No circularity: performance claims are simulation comparisons, not reductions by construction

full rationale

The paper models UGV mobility via a road graph, reformulates the sum-rate optimization as an MDP, and solves it with a meta-learning variant of A3C. The reported 13.1% throughput gain and 49% faster execution are empirical outcomes from numerical simulations against A3C and DDPG baselines. These results depend on the chosen MDP state/action spaces, reward function, and simulation parameters; they do not reduce to the inputs by definition, nor are any fitted quantities relabeled as predictions. No self-citation is invoked to justify uniqueness or load-bearing premises, and the derivation chain (problem → road-graph MDP → Meta-A3C) follows standard RL practice without self-referential closure. The modeling assumptions may limit generalizability, but that is a validity concern, not circularity.

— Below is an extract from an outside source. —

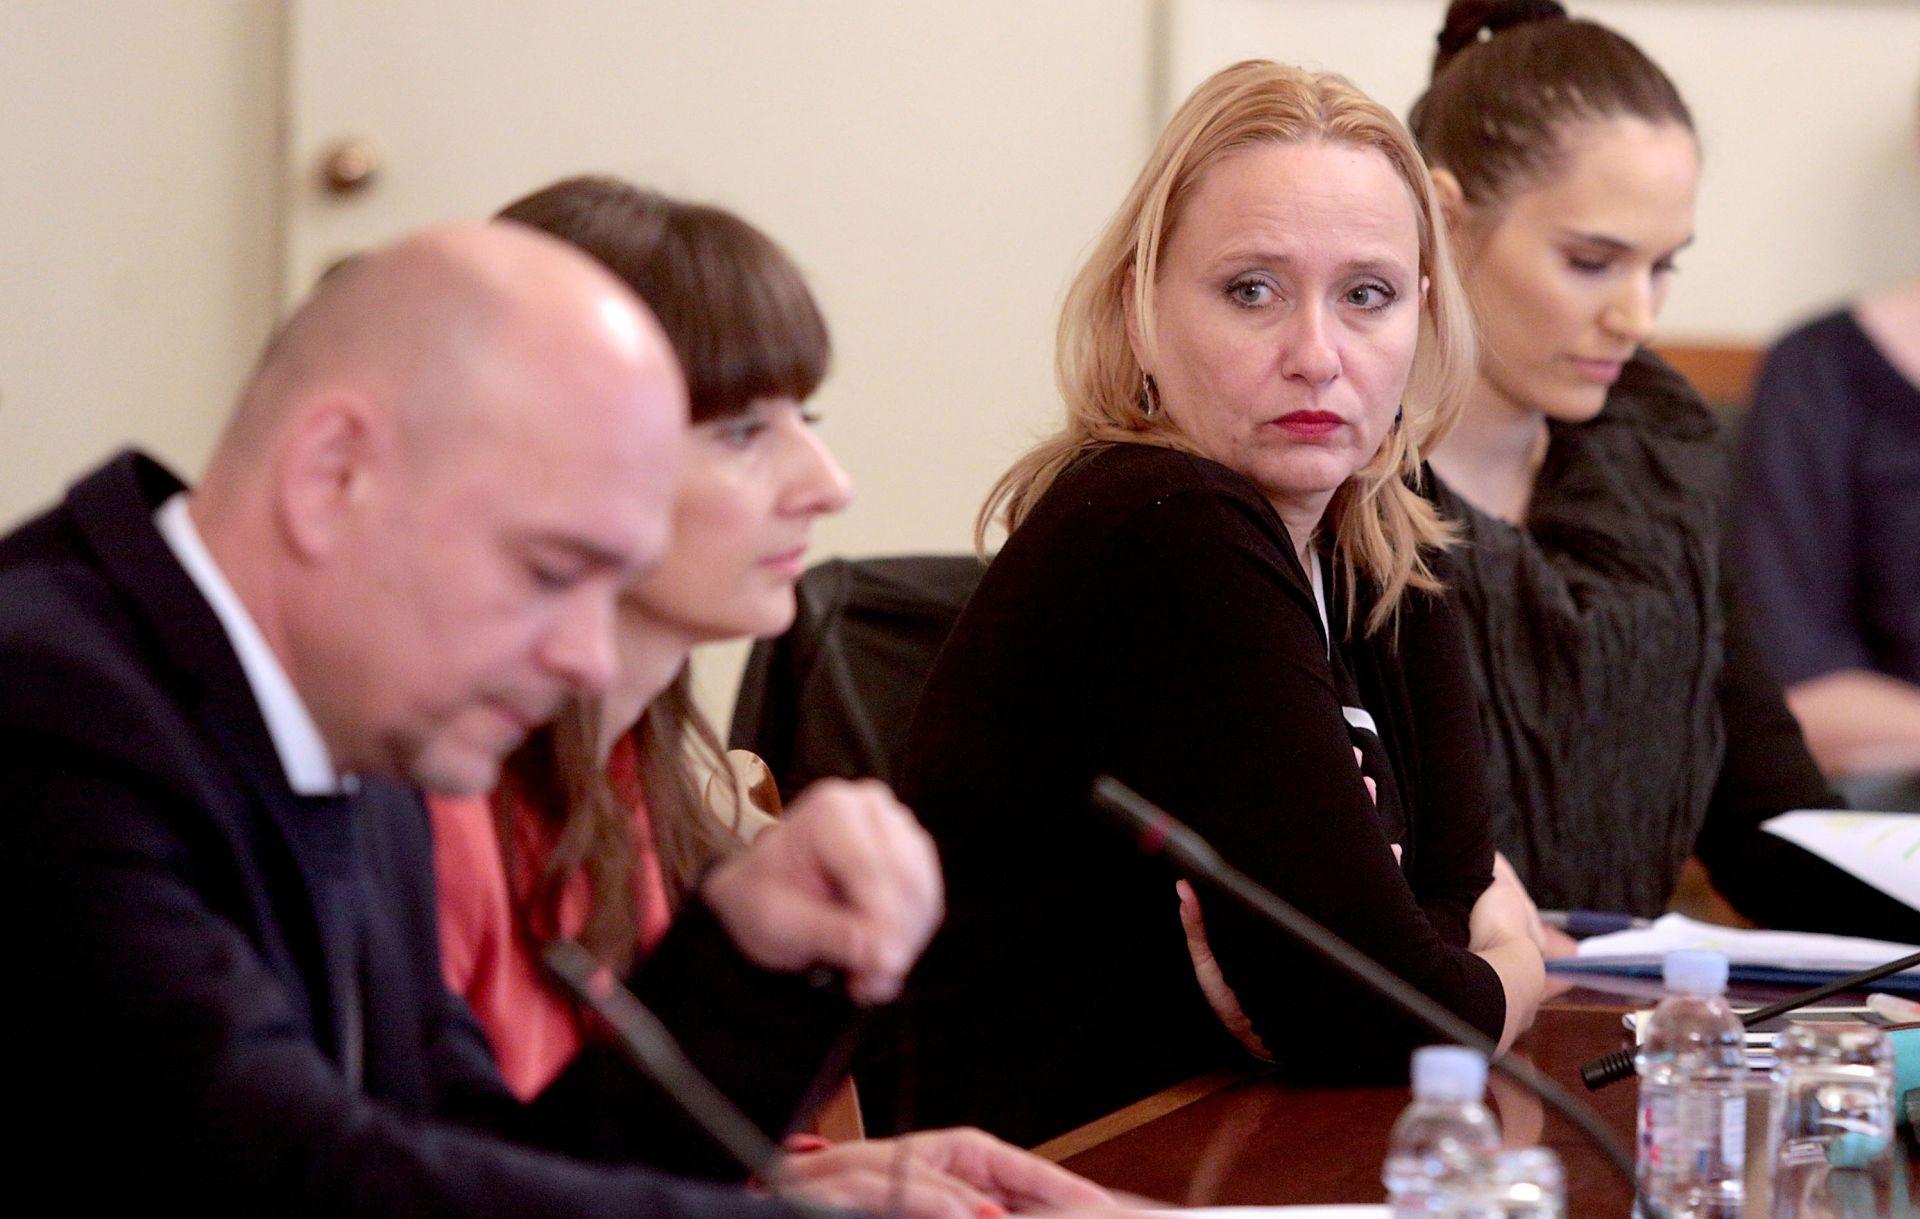 PRAVOBRANITELJICA VIDOVIĆ: 'Neprihvaćanje izvješća je politički pritisak na neovisnost institucije'

Axiom & Free-Parameter Ledger

0 free parameters · 2 axioms · 0 invented entities

Based on abstract only; primary modeling assumptions concern the road graph representation of UGV movement and the MDP reformulation of the sum-rate optimization problem.

axioms (2)
  • domain assumption UGV movement is fully constrained to a predefined road graph that captures all valid segments and network rules.
    Introduced explicitly to model realistic ground vehicle mobility in the problem formulation.
  • domain assumption The joint positioning and trajectory problem can be accurately cast as a Markov Decision Process whose state and action spaces capture all relevant dynamics.
    Used to enable the application of the Meta-A3C algorithm.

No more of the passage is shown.